Justice Bature held that the bank’s decision to freeze the account, based on a supposed order by a Magistrate Court, without notifying the said customer, was illogical and a betrayal of the banker-customer relationship that existed between the parties.
The court wondered how the financial institution which had a legal department that is manned by lawyers, hinged its action on an invalid order by a Magistrate Court that lacked the jurisdiction to entertain any banking related case, including issuing orders for the freezing of an account.
The judgement followed a suit marked: FCT/HC/CV/2194/2024, which was brought before the court by Mr. Paulyn O. Abhulimen, SAN.
Cited as 1st and 2nd defendants in the matter were Zenith Bank Plc and the Nigeria Police Force, NPF.
The claimant had through the law firm of Kehinde & Partners LP, approached the court, claiming that sometimes in 2024, after being unable to access the account of her firm – Abhulimen & Co – or to make transactions with it, she discovered that the bank placed a Post-No-Debit, PND, order on it.
According to the claimant, she subsequently contacted an official of the bank that was in charge of the account, who told her about the restriction, following which the bank, in March 13, 2024, claimed to have frozen the account based on an order the NPF obtained from a Chief Magistrates Court in Mararaba Gurku, Nasarawa State.
In his judgement, Justice Bature held that the bank acted on an invalid order made by a court that lacked the requisite jurisdiction.
“The said account was opened at the 1st defendant’s Transcorp Hilton branch, here in Abuja, and the 2nd defendant is also domiciled in Abuja.
“The rationale behind seeking the said order at a Magistrate Court under the Nasarawa State jurisdiction cannot be understood, and the 2nd defendant did not appear to be able to give any explanation or reason as to why they decided to follow this line of action.
“The said Magistrate Court lacked the territorial jurisdiction to entertain the application.
“And, regarding the substantive jurisdiction of the court to make the order, it is clear from the provisions of Section 251 of the Constitution of the Federal Republic of Nigeria (1999 as amended), that matters relating to banks and banking transactions are within the exclusive jurisdiction of the Federal High Court, and matters relating to banker-customer disputes are jointly under the jurisdiction of the Federal High Court, State High Courts and High Court of the FCT,” the court held.
Justice Bature further maintained that the Magistrate Court was bereft of the powers to entertain an application for an order to freeze a bank account of a person, and should not have entertained the said application.
“The legal department of the 1st defendant, being lawyers, should have been aware of this position of the law and taken the appropriate action in this situation, as they ought not to have obeyed the court order in the first place.

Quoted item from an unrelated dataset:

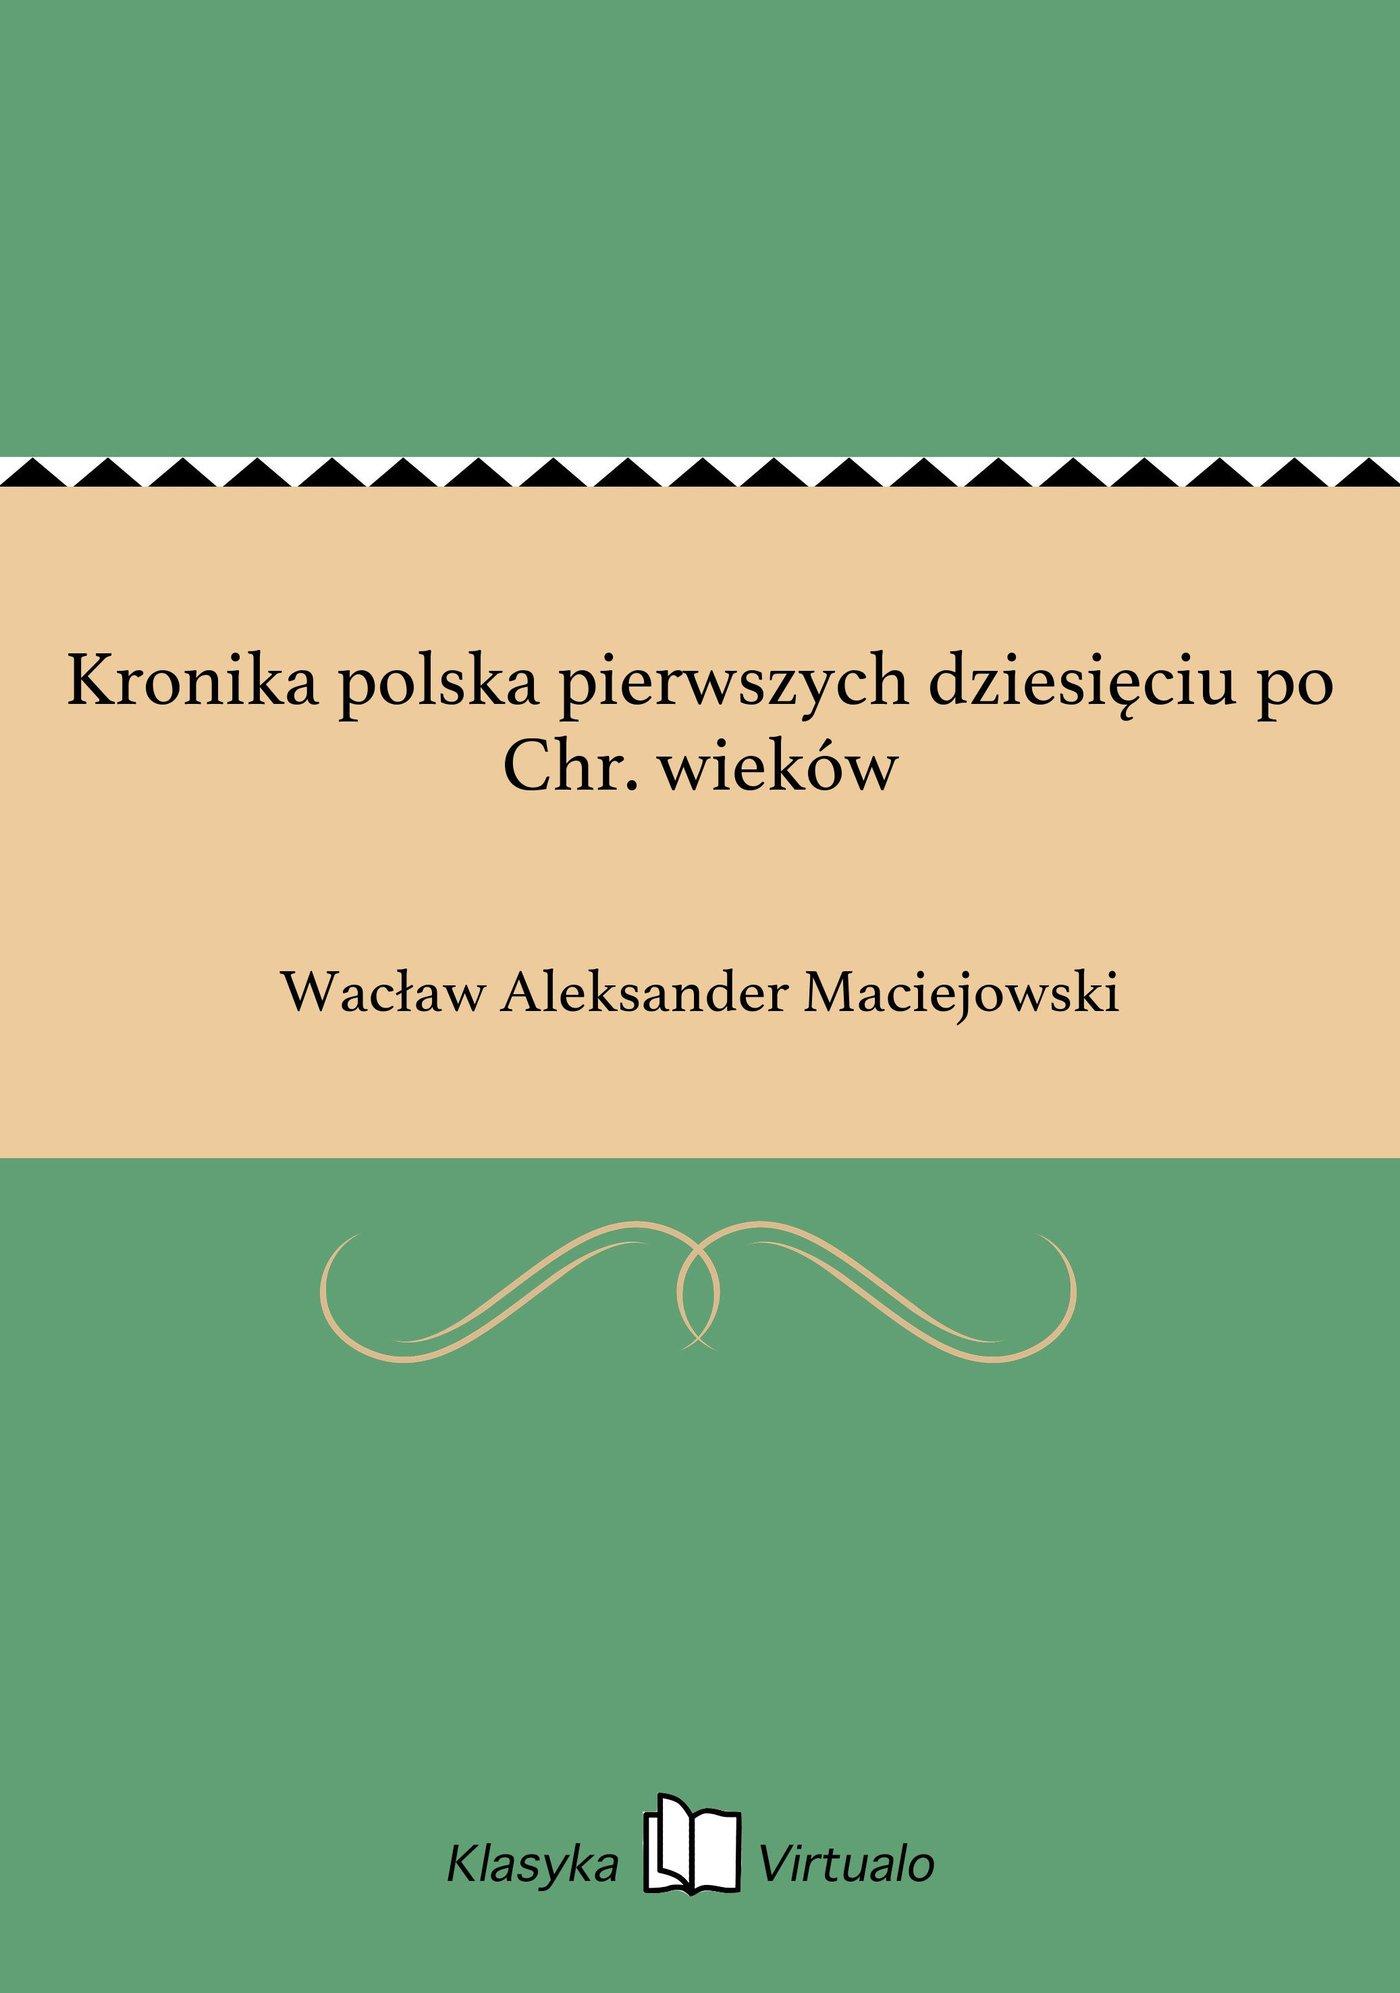 Kronika polska pierwszych dziesięciu po Chr. wieków - Ebook (Książka EPUB) do pobrania w formacie EPUB

“Thus, the 1st defendant was wrong to have placed a PND on the account of the claimant based on the order of a court lacking the requisite jurisdiction to do so. I so hold,” Justice Bature held.
He judge faulted the failure of the bank to inform the claimant about its decision to freeze her company’s account, describing it as a breach of the duty of care it owed to its customers.
“It is the humble opinion of this honourable court that, the 1st defendant owed the claimant a duty of care of duly informing her that her account had been frozen.
“The 1st defendant placed a Post-No-Debit on the account of the claimant’s firm, but same was not communicated to the claimant until she encountered difficulties in the use of the said account.
“It is the humble opinion of this honourable court that, the 1st defendant owed the claimant a duty of care of duly informing her that her account had been frozen
“The failure of the 1st defendant to inform the claimant of the state of affairs on her account amounts to negligence on the part of the 1st defendant and hence, a breach of duty of care and due diligence owed to the claimant. I so hold,” the court added.
Consequently, aside from ordering the 1st defendant to immediately vacate the Post-No-Debit order placed on the claimant’s account an to tender an apology to the claimant, the court awarded damages in favour of the litigant.
“The defendants are hereby ordered to jointly and severally pay the sum of N60million to the claimant as general damages for the embarrassment, psychological trauma, financial distress, emotional stress and grave inconveniences suffered by the claimant due to the defendants’ actions.
“The defendants are hereby ordered to jointly and severally pay the sum of N25m to the claimant as cost of this action,” the court further held.